In Motion Technology Inc. has signed an agreement with Rosedale Livery

Ltd., a Toronto-based executive car service, to install wireless Internet access in the company’s limousines.

The service will allow Rosedale’s customers to connect to the ‘Net with a WiFi-enabled laptops or PDAs to catch up on e-mails during the drive to the airport or the next meeting.

In Motion president Kirk Moir says the service, dubbed OnBoard Hotspot, involves installing the onBoard Mobile Gateway and 3G cellular service into each vehicle, which is then monitored by In Motion’s network operations centre. The box is equipped with a CDMA 1X card running on the Telus Mobility network.

“”We see ourselves in the business of enabling business professionals to be productive even while in transit by making wireless hotspots truly mobile,”” says Moir. “”We’re trying to allow (car services) to offer high-performance Internet connectivity, which we see increasingly being a new selection criteria for their passengers.””

Moir says In Motion’s service is certified to Intel’s Centrino standard and requires no software to be installed by the user beyond Windows and a WiFi client. The car service also only needs to install the hardware; In Motion takes care of the monitoring.

“”All the company is really required to do is install the hardware in their vehicles, and we look after it from there,”” says Moir. “”In addition to providing hardware in the vehicle, we provide a complete managed service for them.””

As far as connection speed, in Canada Moir says Telus Mobility’s 1X RTT network, theoretically can reach up to 144K. However, the typical connection speed seems to be around 80 to 90k.

“”It’s equivalent to entry level DSL in the U.S. and Canada,”” says Moir.

Moir says the company is focusing on the car service market for a number of reasons: It’s a market where 70 to 80k service speed is acceptable, with usually just one or two passengers sharing the connection, and its focus in on a clientele that values its time and needs to be connected.

“”Car services are also a particularly competitive segment of the transportation space. They understand the power and necessity of market differentiation,”” says Moir.

With the company moving from short-haul airport trips into the road show business which involves longer rides, Rosedale Livery president Craig McCutcheon says Internet access from the vehicle has become an interesting perk to offer their customers.

“”We’ve found they’re constantly asking the question, ‘Hey, can I plug into your cell phone and get my e-mail?’ That kind of stuff,”” says McCutcheon. “”We’ve recognized that people are trying to get better Internet access between meetings, so it seemed like a nice fit.””
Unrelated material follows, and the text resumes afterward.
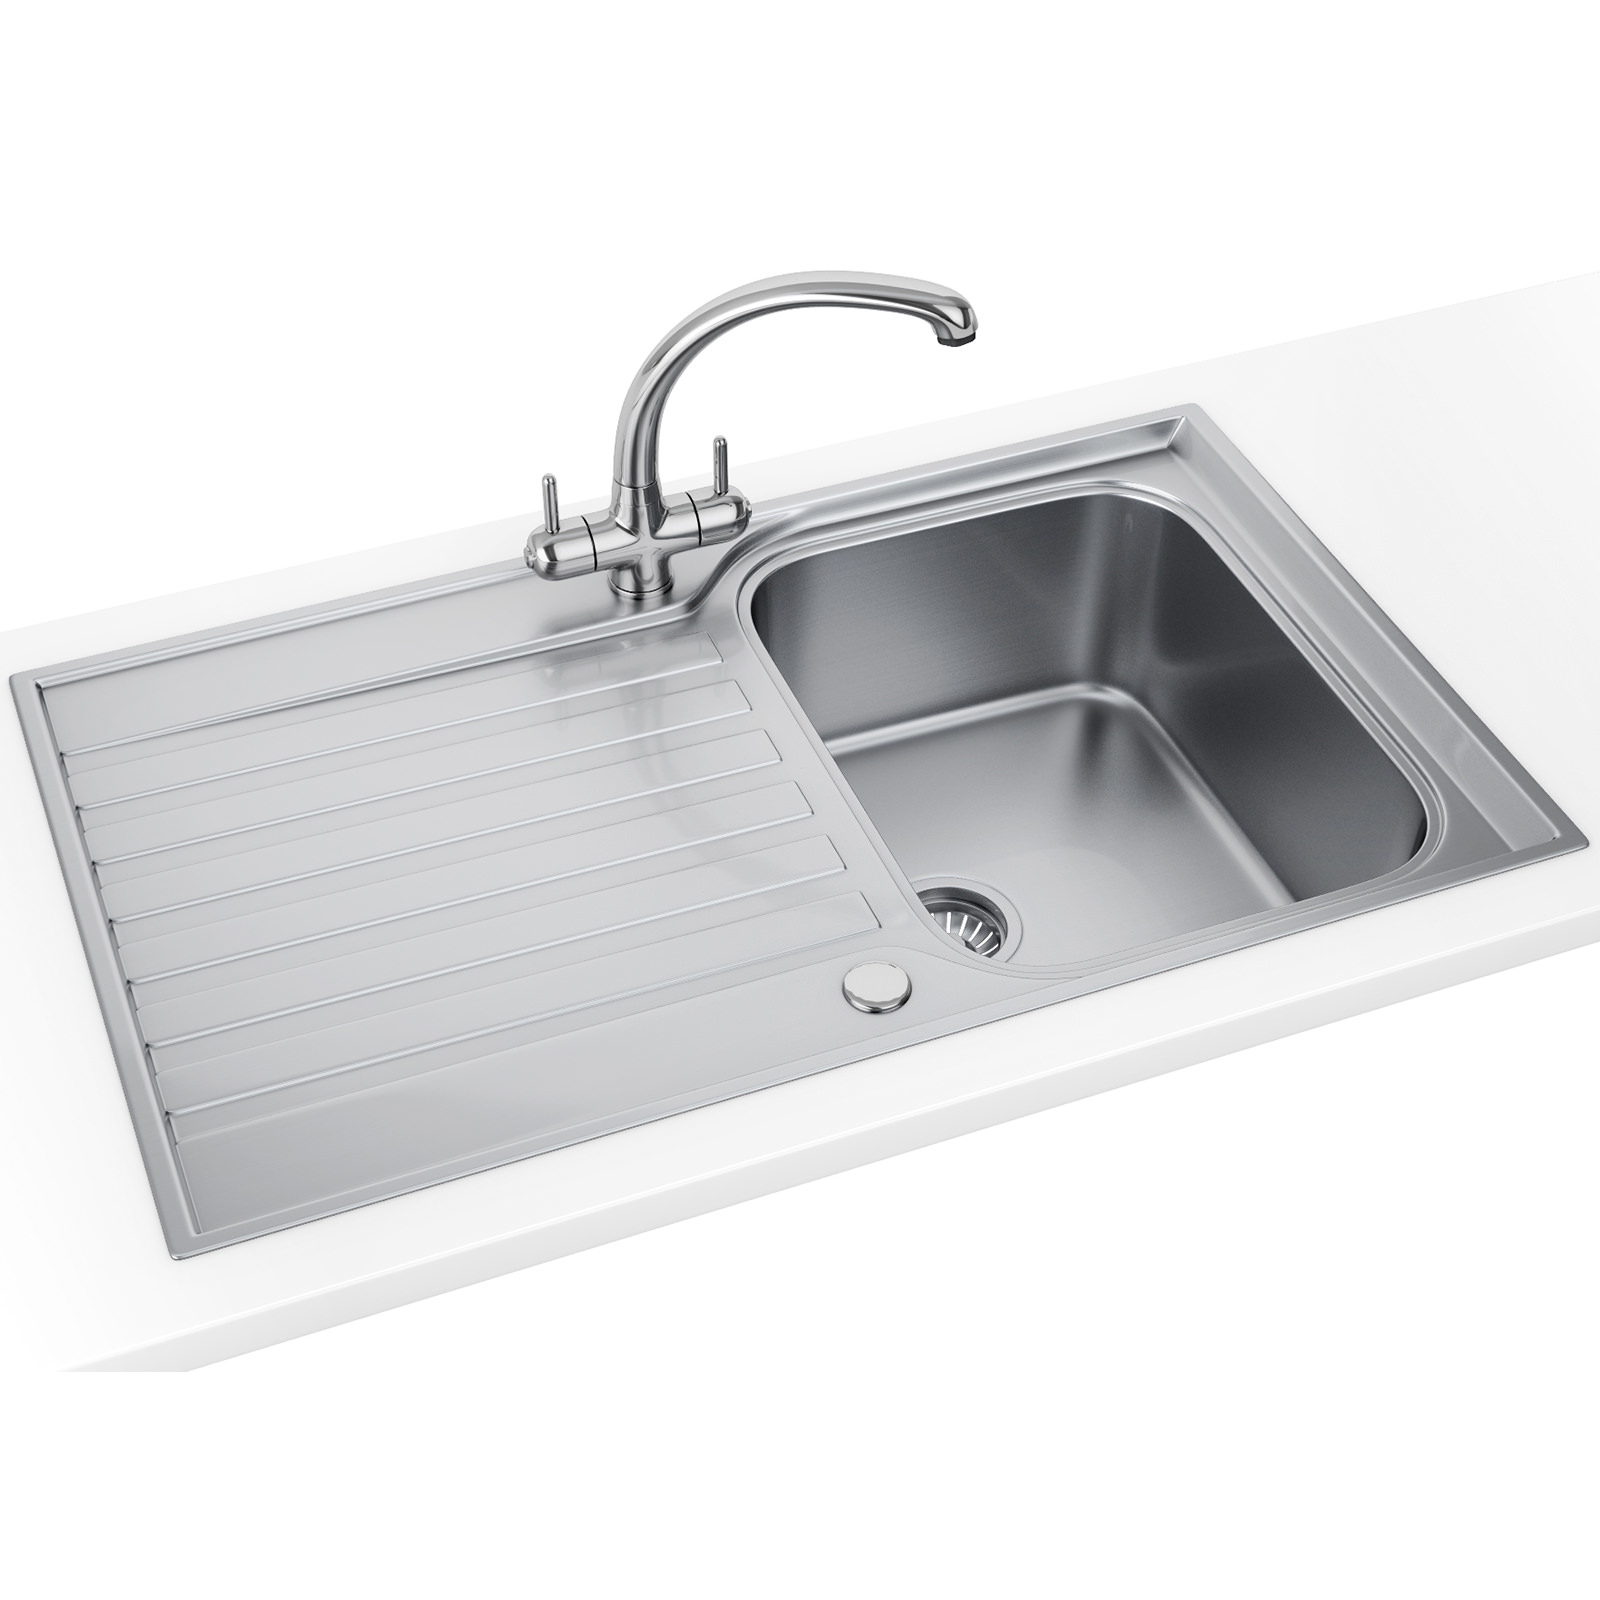 Sink Franke Stainless : Franke Ascona ASX 611-860 Stainless Steel 1.0 Bowl Inset Sink 101 ...
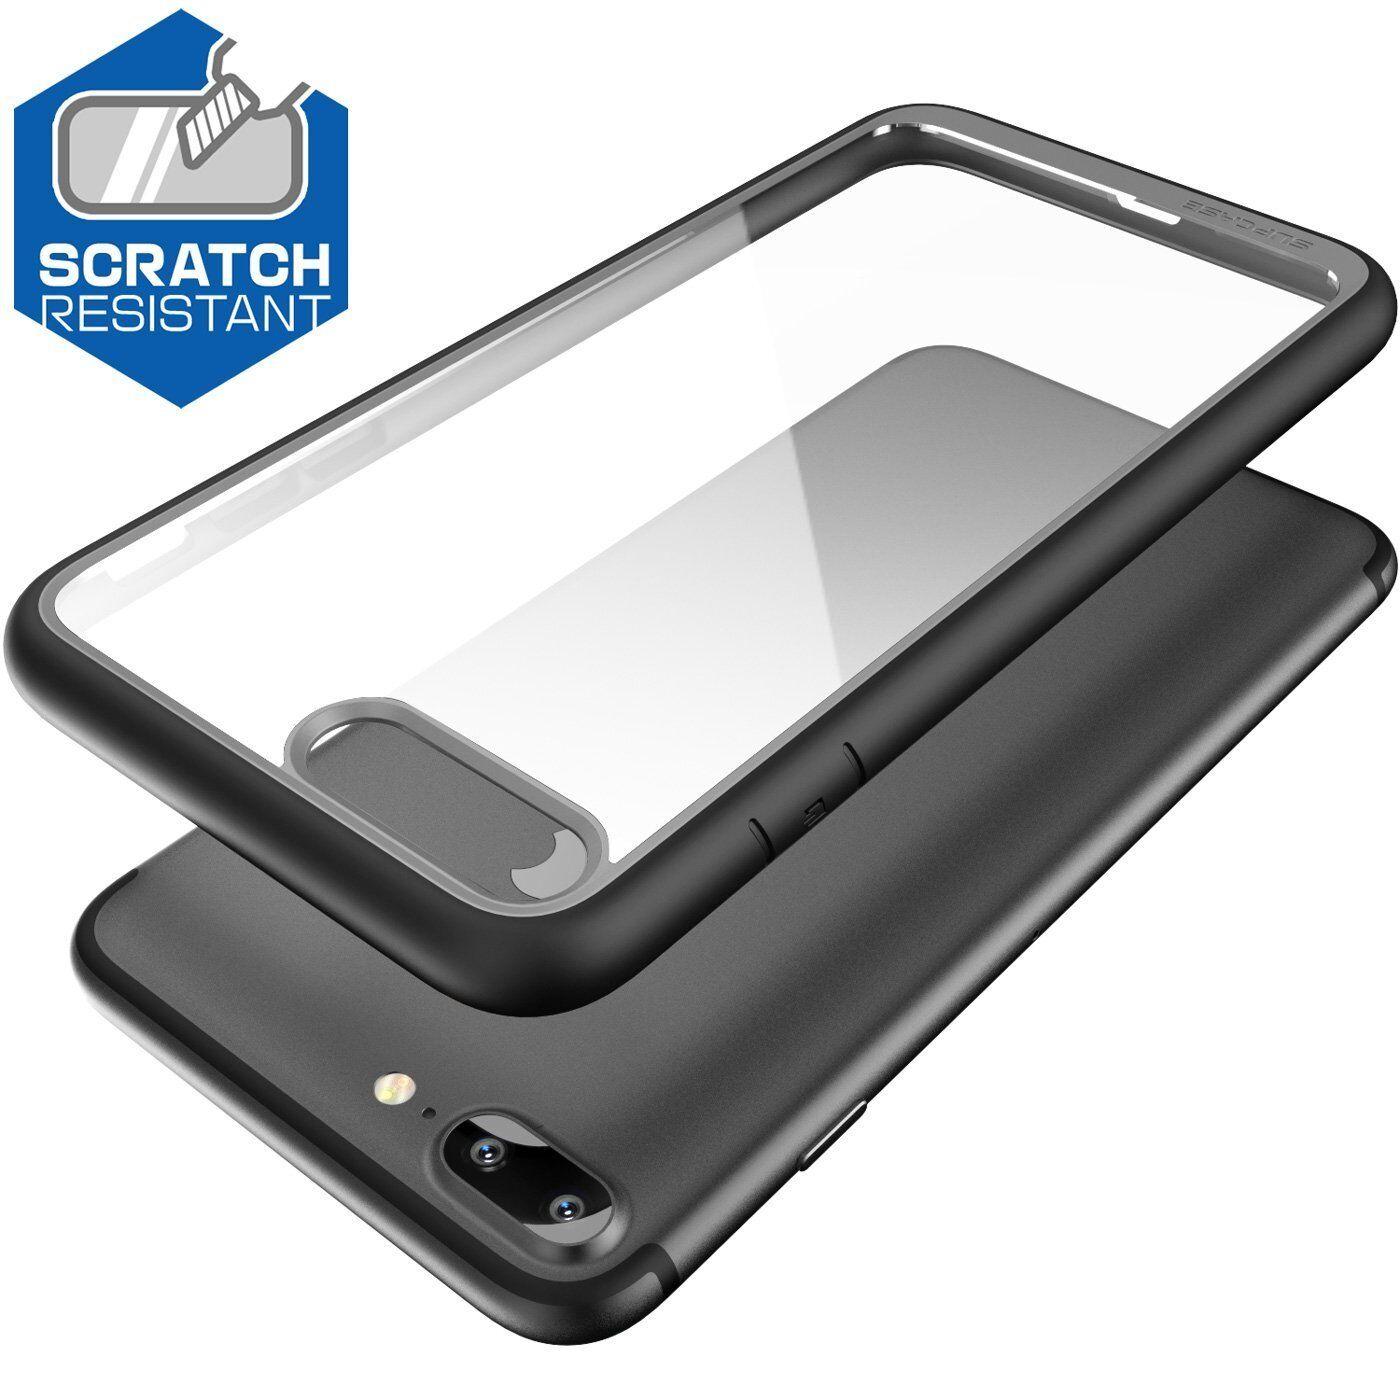 e6731927b25 iPhone 7 Plus and 8 Plus Case, SUPCASE Unicorn Beetle Style Protective Case

At the moment, McCutcheon says Rosedale and another car service company In Motion is working with in the U.S. seem to be pioneering the in-car hotspot concept, but he says he imagines it may well become commonplace.

For now, Rosedale just has the service installed in one car as a beta test and is evaluating customer reaction.

“”As the laptops start to have that card in them, it will probably become the norm, but I don’t know of other companies that are doing it right now,”” says McCutcheon. “”Customers think it’s really neat, the first question they ask usually is ‘I wonder if my computer can do that?'””

McCutcheon says one of the hurdles to a wider installation is the pricing. Rosedale and In Motion are currently negotiating with Telus on what the connectivity to the carrier’s network will cost.

“”I think they’re talking about a pretty significant dollar to have the connectivity,”” says McCutcheon, who added he’d like to absorb the cost as part of the regular fee for the ride and have the Internet access available standard to Rosedale’s customers.

“”Ultimately, if a passenger has a laptop ready to go it would be available to them, it would just be an added benefit of service,”” says McCutcheon.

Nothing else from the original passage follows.